• _DATASET EXCERPTS_:
◆ ◆ ◆
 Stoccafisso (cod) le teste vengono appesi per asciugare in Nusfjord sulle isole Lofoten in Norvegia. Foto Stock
◆ ◆ ◆
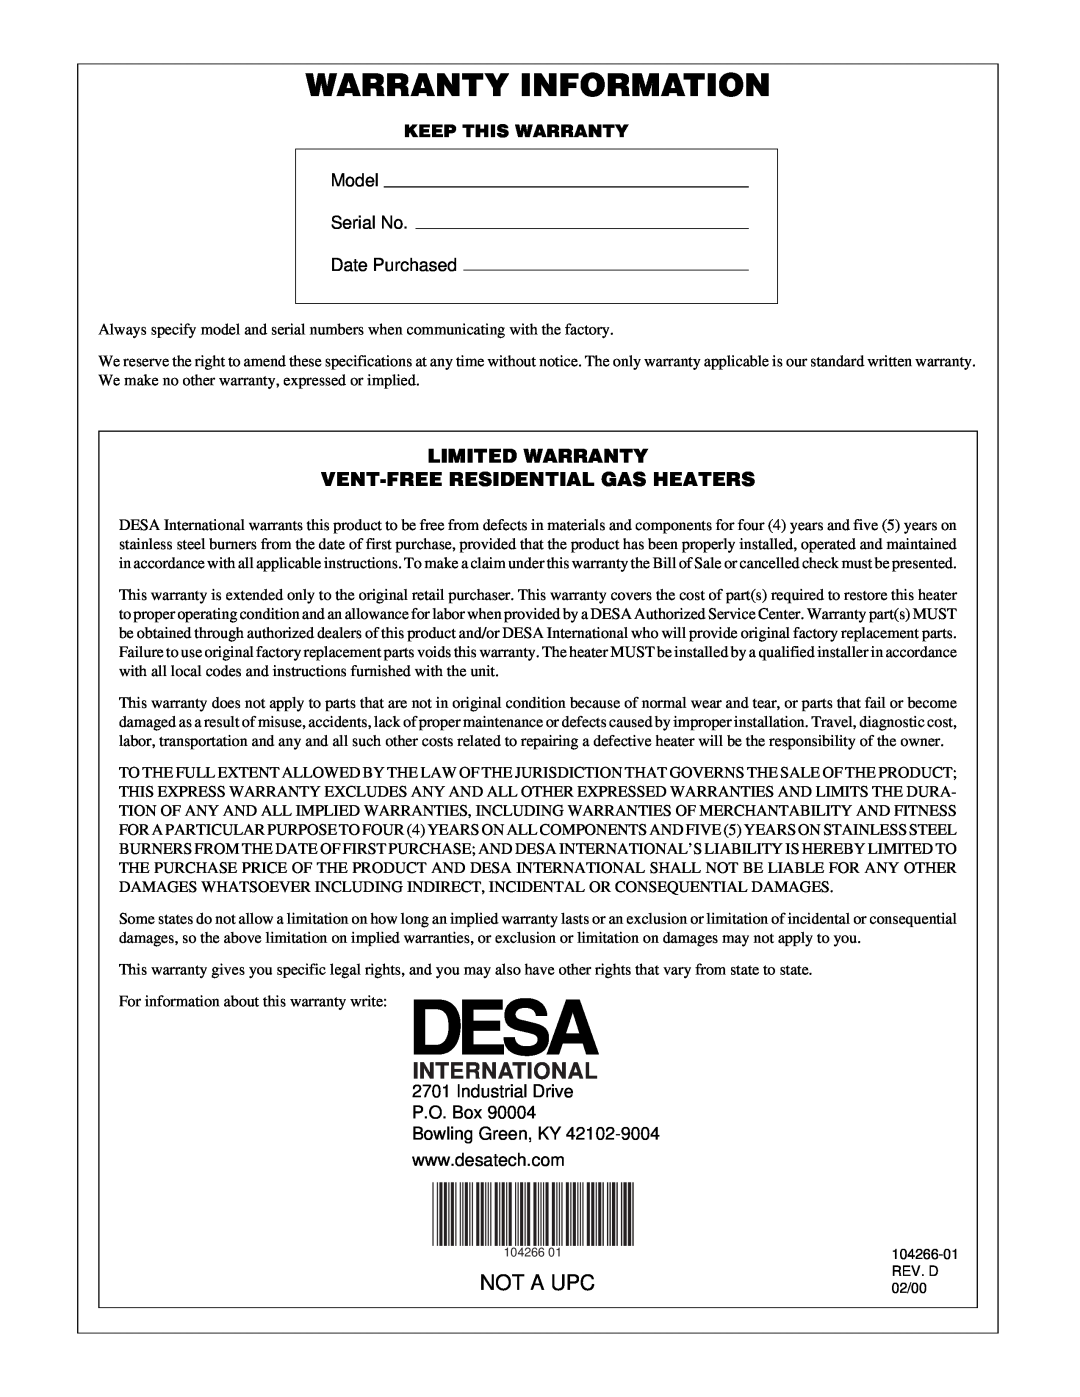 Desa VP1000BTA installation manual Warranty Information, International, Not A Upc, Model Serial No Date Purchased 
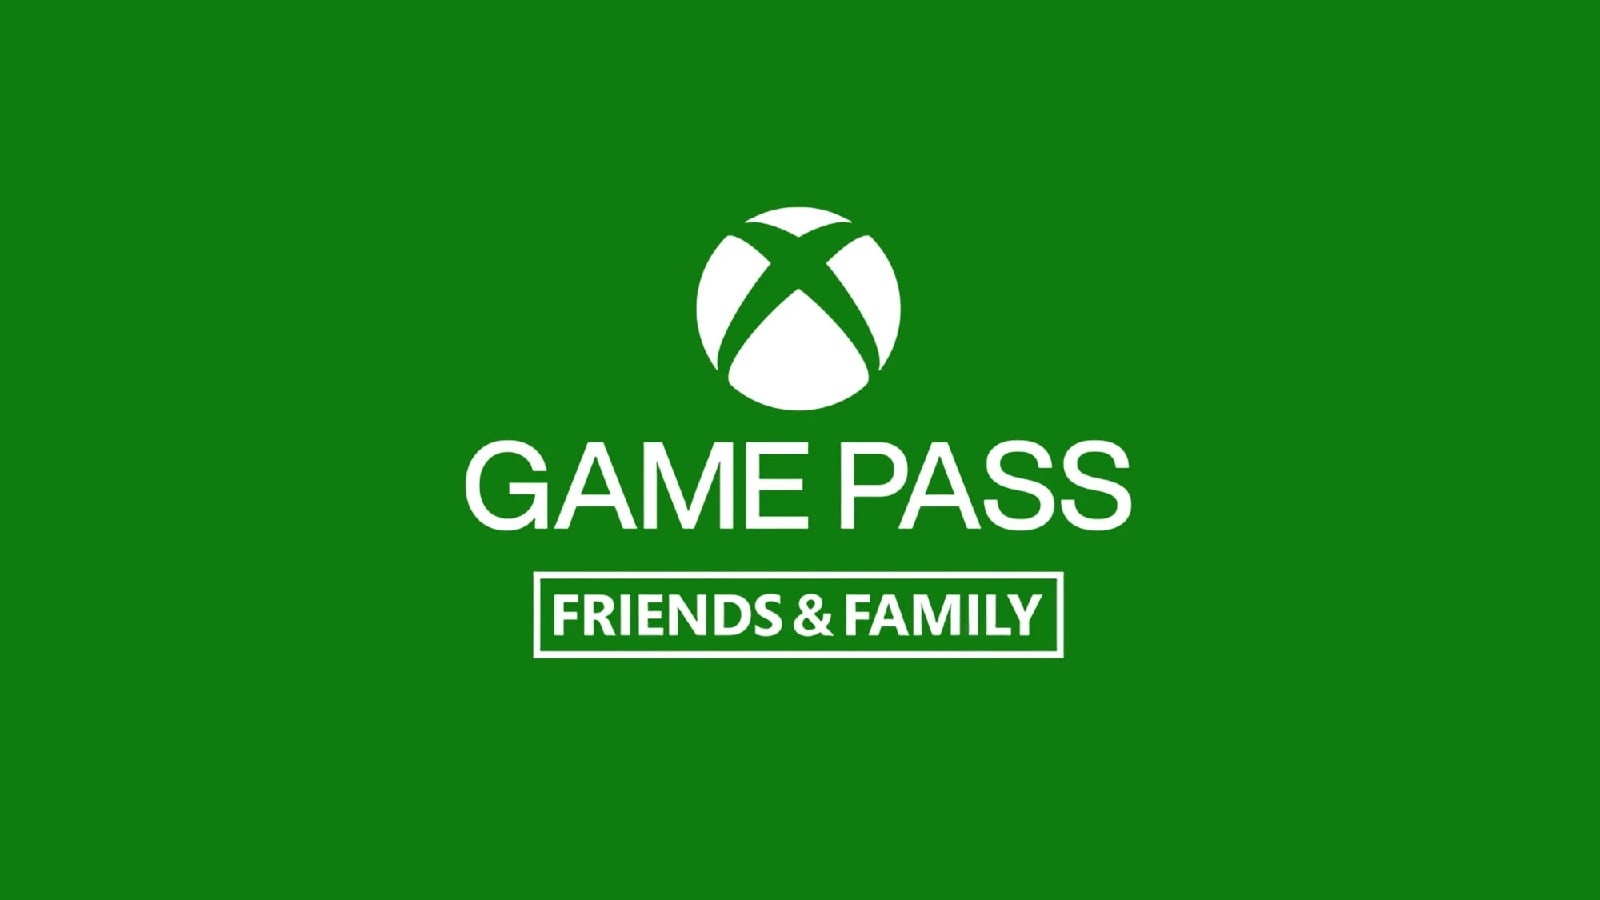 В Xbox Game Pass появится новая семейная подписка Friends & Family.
◆ ◆ ◆
Repeat the lines above exactly, beginning with the one containing "Desa VP1000BTA installation" and finishing with the one containing "В Xbox Game". No pictures belong in the copy.

 Desa VP1000BTA installation manual Warranty Information, International, Not A Upc, Model Serial No Date Purchased 
 В Xbox Game Pass появится новая семейная подписка Friends & Family.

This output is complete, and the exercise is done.